0x24 0x02 0x05 0x85 0x80 0x60 0x01 0x58 0x00 0x00 0x00 0x02 0x00 0x00 0x27 0xde
0xd 0x80 0x60 0x37 0x95 0x71 0xe3 0x97 0x10 0x77 0x20 0x2c 0x51 | 0x7c 0x05 0x15 0xac ...
0x24 0x02 0x5 0x85 0x80 0x60 0x01 0x59 0x00 0x0 0x00 0x02 0x00 00x0 0x27 0xde
0xd 0x80 0x60 0x37 0x96 0x71 0xe3 0x97 0x10 0x77 0x20 0x2c 0x51 | 0x7c 0x05 0x5d 0x00 ...
By the means of reverse engineering the original software I was able to figure out that 0x7c85 indicates a key frame. 0x7c85 bytes in the genuine software processing do get replaced by h264 00 00 00 01 65 Key frame NALU . That's h264 appendix-B format.
The 0x7c05 packets always follow and are the remaining payload of the key frame. No NALU are added during their handling (the 0x7c05 is stripped away and rest of the bytes is copied). None of the bytes preceding 0x7cXX make it to a mp4 recording (that makes sense as it's the RTP protocol , albeit I'm not sure if it's entirely RTP standard or there's something custom from Hikvision).
If you pay close attention in the Header there are 2 separate bytes indicating order which always match, so I'm sure no packet loss is occurring.

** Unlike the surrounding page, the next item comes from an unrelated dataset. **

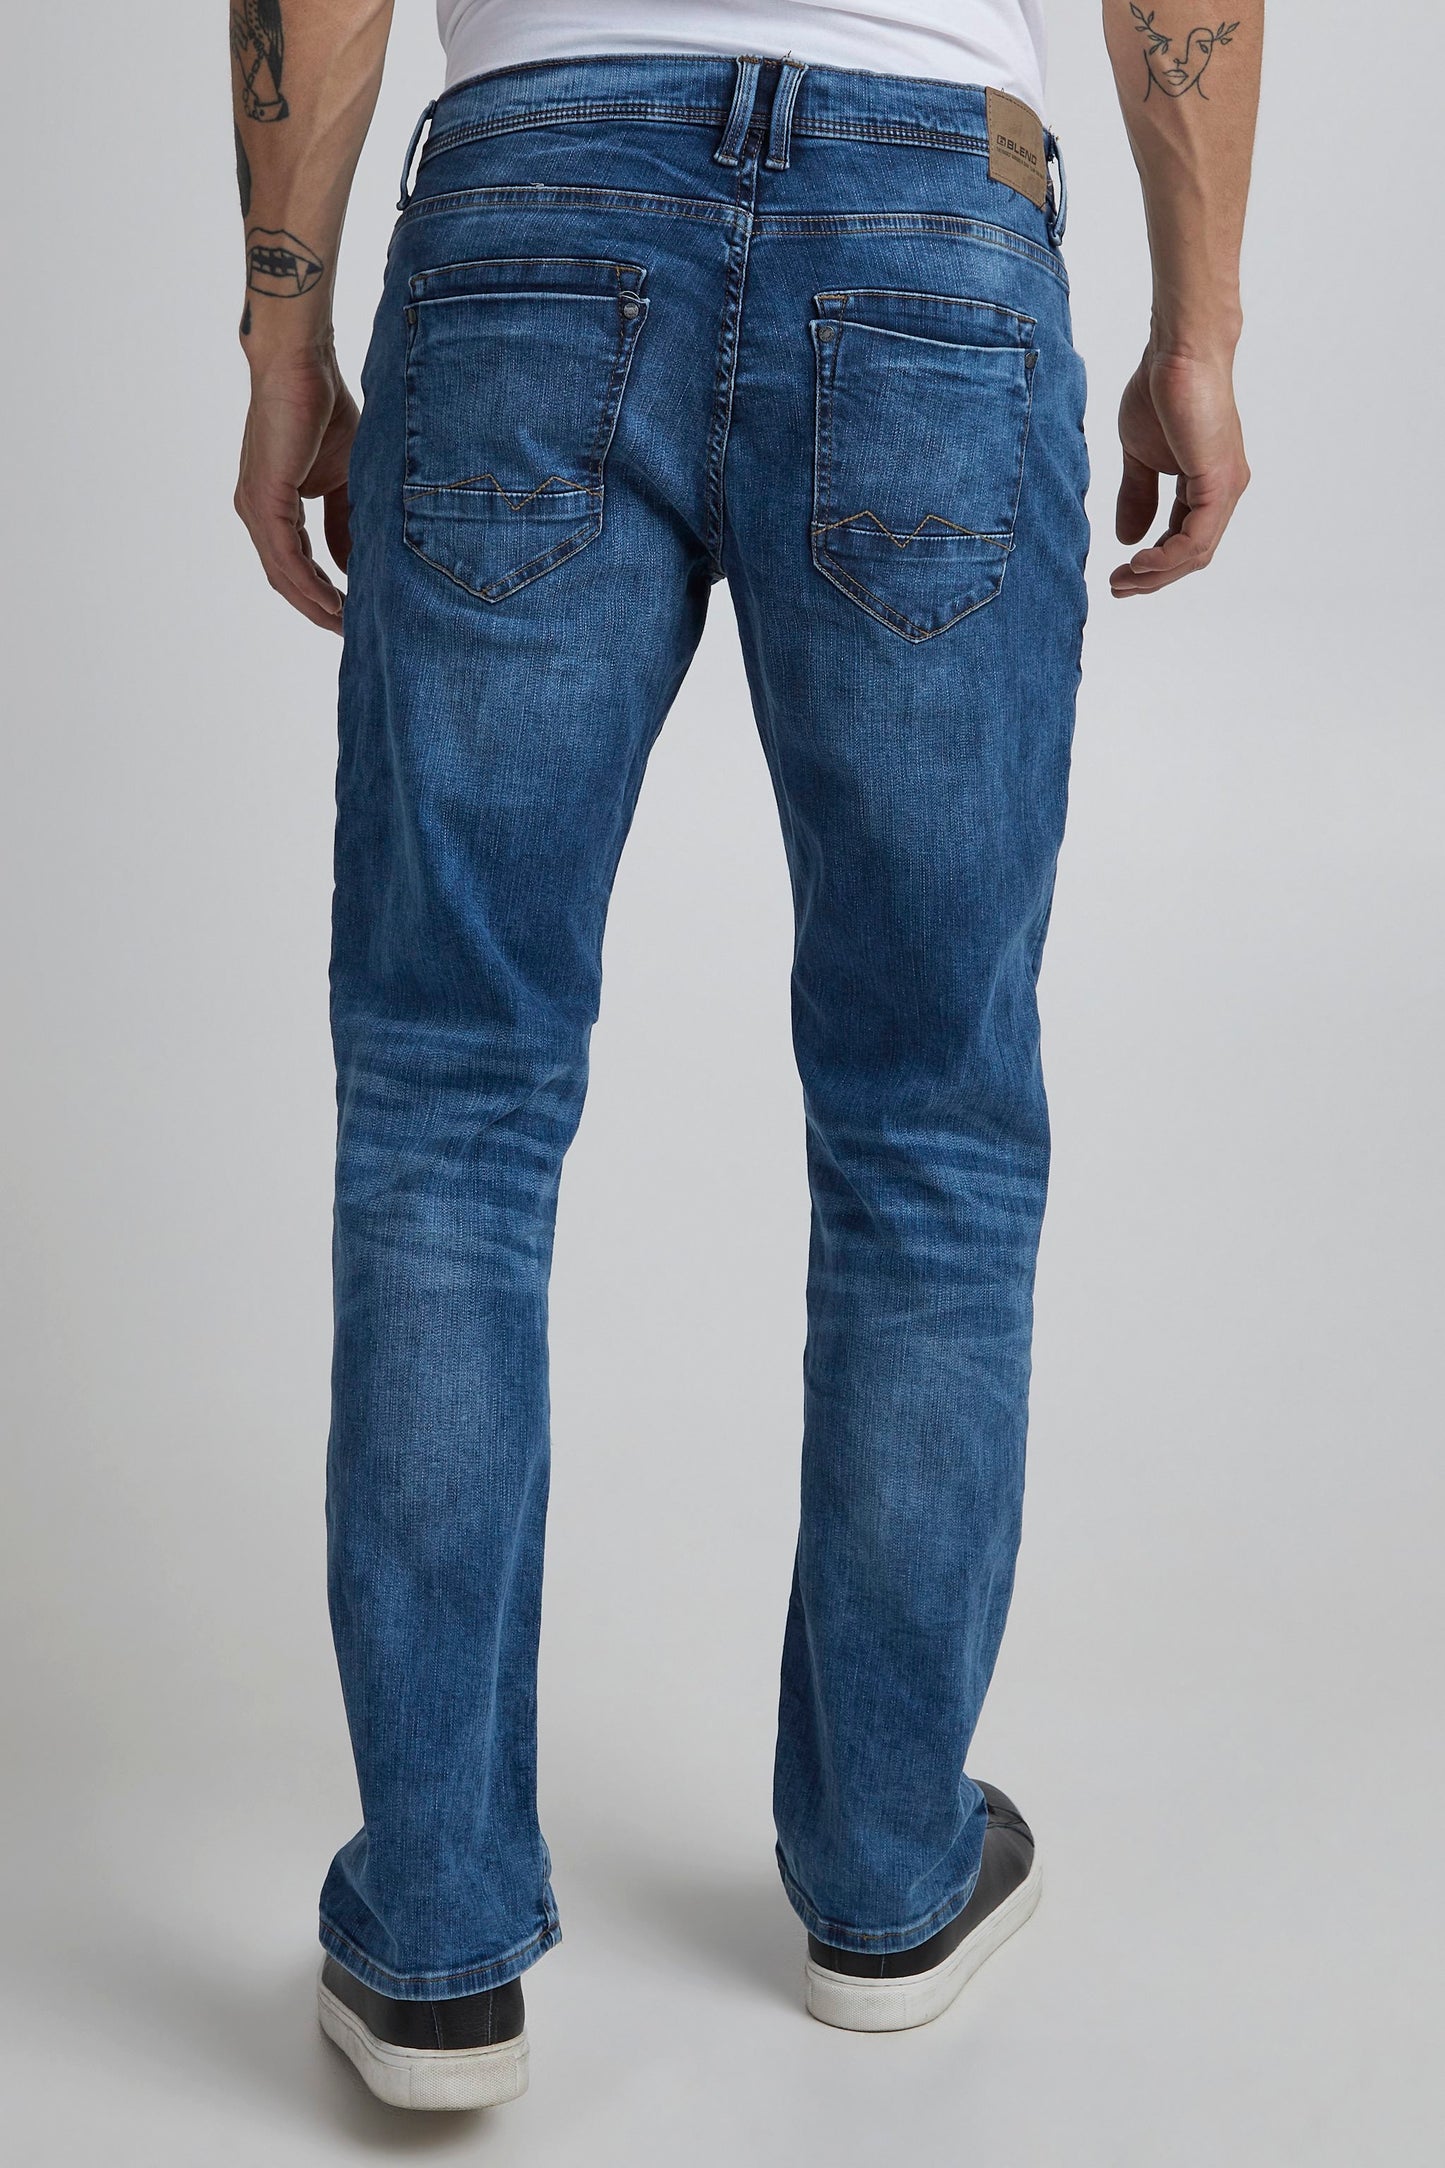 JETBH Jeans - Slim Fit  / Regular Waist

I also observed nonkey frames arriving as 0x7c81 and converted to 00 00 00 01 61 NALU but I want to focus solely on the single key frame for now. Mostly because if I record a movie with the original software it will always begin with 00 00 00 01 65 Key frame (that obviously makes sense).

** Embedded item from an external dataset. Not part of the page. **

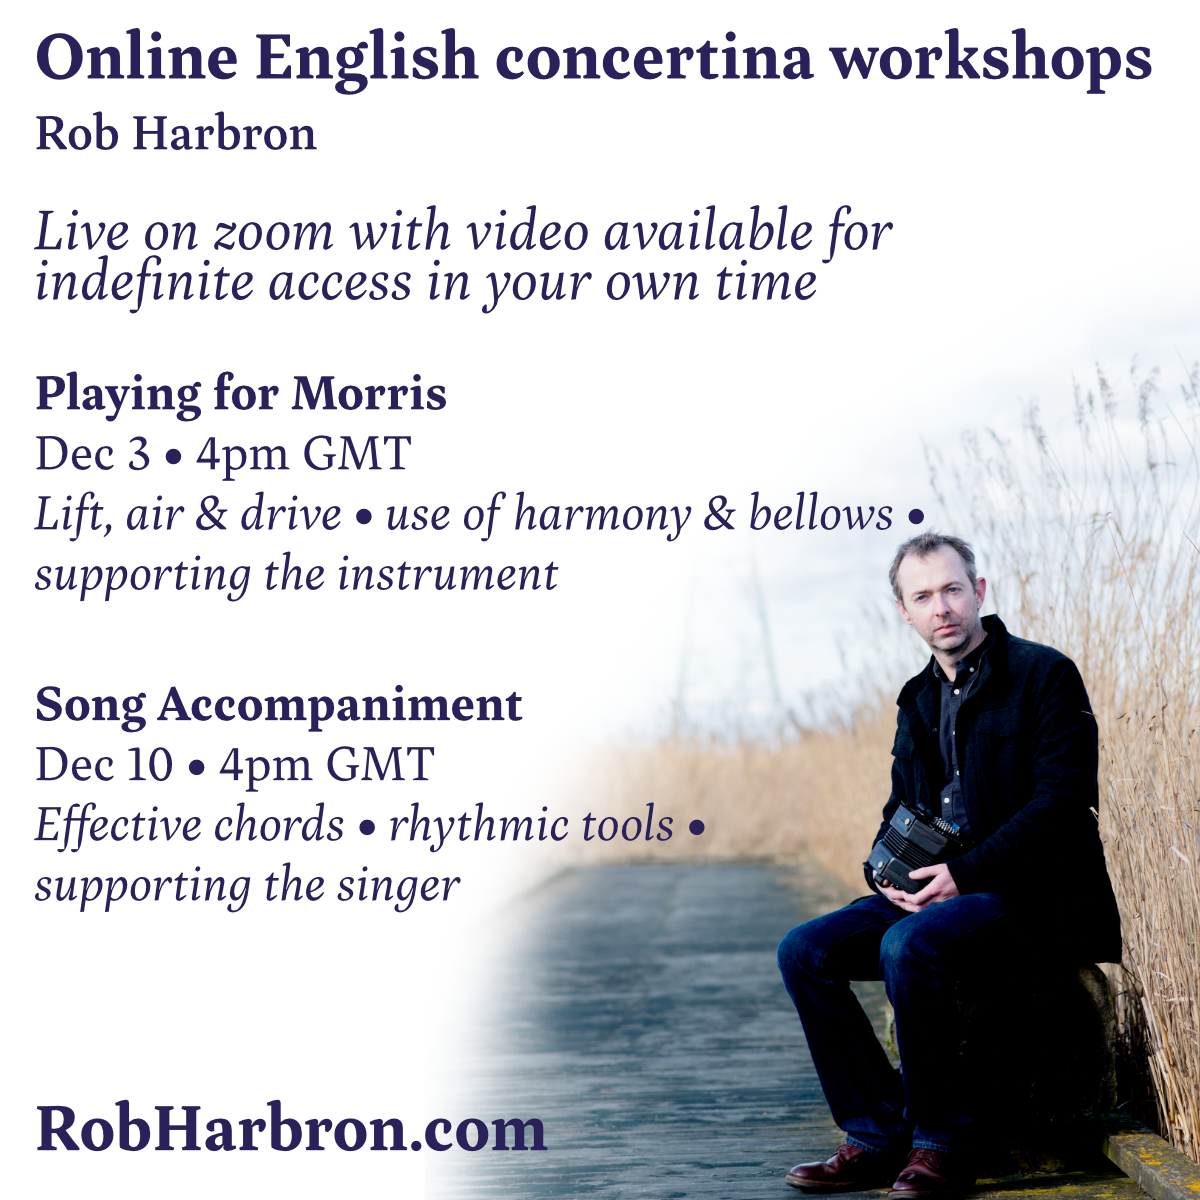 Online English concertina workshop - Song Accompaniment

To get a working mp4 I decided to copy paste a mp4 header of a genuine iVMS-4200 recording (in this sense that's every byte preceding 1st frame NALU 00 00 00 01 65 in the mp4 file). I know that the resolution will match the actual camera footage. With the strategy of waiting for a keyframe , replacing 0x7c85 with 00 00 00 01 65 NALU and appending the remaining bytes, or only appending bytes in the 0x7c05 case I do seem to get something that eventually could work.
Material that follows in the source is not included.